Centre for Urban Network Evolutions (UrbNet) is a groundbreaking archaeological research initiative exploring the evolution of urbanism and urban networks from the Hellenistic Period to the Middle Ages. The centre is based at Aarhus University, School of Culture and Society, and is funded as a Centre of Excellence by the Danish National Research Foundation. UrbNet was inaugurated 30 January 2015.
UrbNet aims to compare the archaeology of urbanism from medieval Northern Europe to the Ancient Mediterranean and the Indian Ocean World, and determine how – and to what extent – urban networks catalysed societal and environmental expansions and crises in the past. The centre is firmly rooted in the humanities but enjoys close, collaborative ties with natural sciences.
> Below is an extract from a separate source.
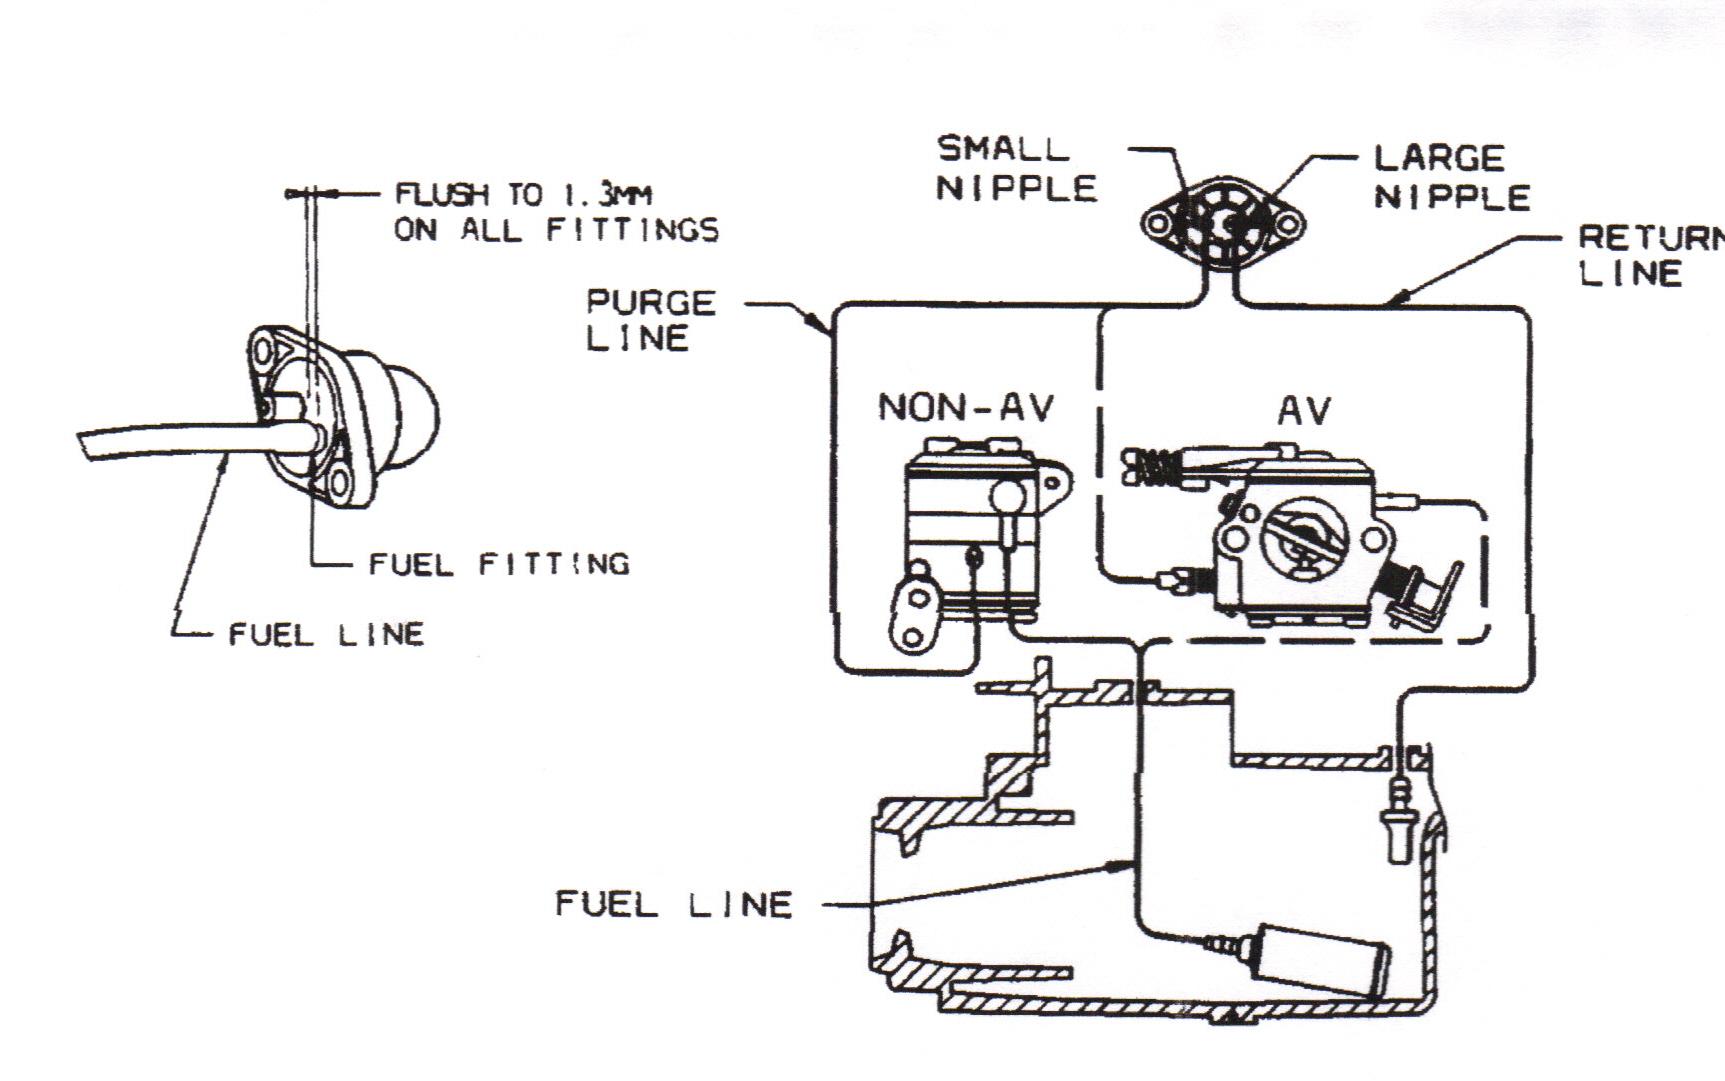 5ce06b09-4bc2-4626-b940-3aeff840bfeb_fuel primer.JPG

UrbNet aims to advance the understanding of the historical process of urban evolution, and this will be achieved by developing the ability of archaeology to characterise the scale and pace of events and processes. A series of recently developed scientific techniques afford unique potential for archaeology to refine the precision of dates, contexts and provenance ascribed to excavated materials. These will be integrated to form a new “high-definition” approach to the study of global and interregional dynamics. The provenance of materials is clarified through the application of chemical, isotopic and biomolecular analysis of organic and inorganic materials. The characterisation of contexts is augmented by the application of soil chemistry, analysis of ecofacts and micromorphology, and this is then used to reconstruct high-precision chronologies through increasingly sophisticated statistical modelling of radiocarbon dating and other fast-developing methods, such as optically-stimulated luminescence.
UrbNet’s work will comprise projects that intersect questions and problems concerning urban development and networks in the regions from Northern Europe over the Levant to the East Coast of Africa. It involves elaborate work on empirical material from a number of existing excavation projects, and the centre aims to make substantial contributions toward theoretical and methodological developments in the field. Individual projects may also arise from other bodies of data.
The centre is headed by Centre director Rubina Raja, professor of Classical Archaeology, and Deputy director Søren Sindbæk, professor of Medieval Archaeology. Furthermore, the centre consists of a strong, interdisciplinary core group.